Trekking nella natura, itinerari urbani, concerti, laboratori di cucina, ciclotour, reading e molto altro: da giugno a ottobre 8 regioni italiane ospitano le 16 tappe di IT.A.CÀ 2026


Il primo festival itinerante sul turismo sostenibile e responsabile compie diciotto anni!

IT.A.CÀ Migranti e Viaggiatori – Festival del Turismo Responsabile giunge infatti all’edizione numero 18, e lo fa con una riflessione attuale e urgente, che accompagnerà gli eventi delle 16 tappe che coinvolgono 8 regioni italiane: GEOGRAFIE DI PACE – mobilità/rsi attraverso confini e culture.


copertina del Festival
Copertina Festival

IL TEMA DI IT.A.CÀ 2026


Immaginare le “Geografie di pace” significa ripensare il modo in cui ci muoviamo e incontriamo l’altro, trasformando il confine da barriera a luogo di scambio e confronto. È da questa visione che nasce il tema del Festival 2026: GEOGRAFIE DI PACE – mobilità/rsi attraverso confini e culture.
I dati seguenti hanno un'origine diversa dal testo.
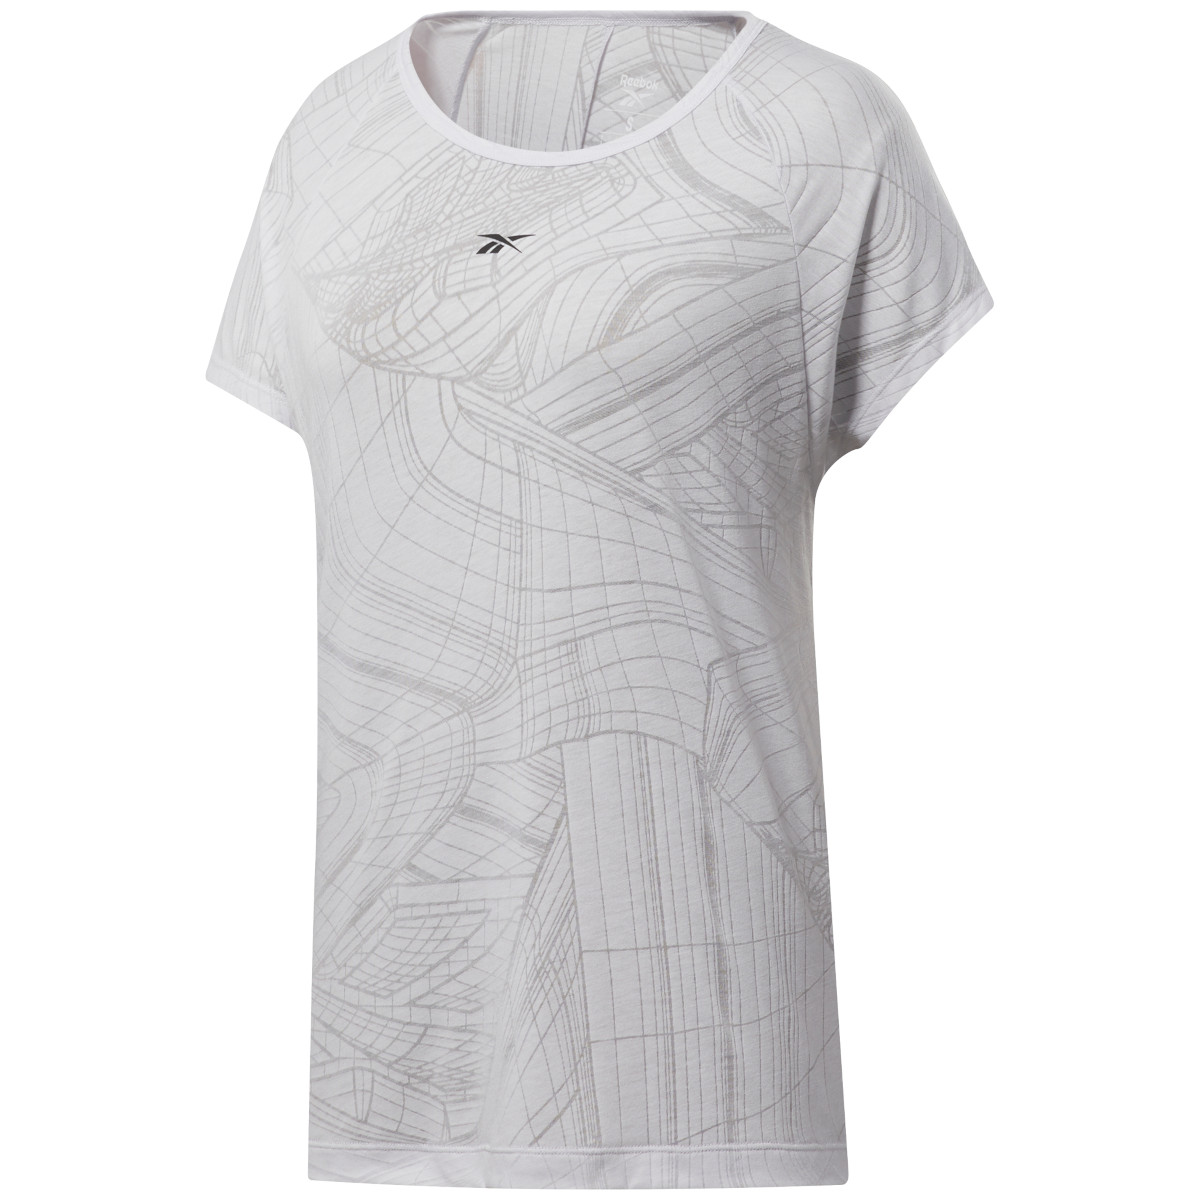 Productfoto van Reebok Burnout T-Shirt Dames - porcelain FT0805

Concepito in un momento storico in cui venti di guerra e nuove frontiere impongono scenari complessi, il festival risponde all'urgenza di intraprendere percorsi di pace e di resistenza popolare.


Quelli che il festival propone sono itinerari mentali e fisici, costruiti in co-creazione con le reti locali, fondati sul rispetto per l’essere umano e sull'ascolto di culture, tradizioni e memorie. In questa visione, il turismo responsabile e la mobilità – sia essa legata al viaggio o alla migrazione – si trasformano in strumenti per tessere relazioni umane. Muoversi significa comprendere che non tutto deve essere consumato o fotografato; significa accettare il limite come valore e attraversare i territori per valorizzarne le differenze, generando così comunità aperte, inclusive e solidali.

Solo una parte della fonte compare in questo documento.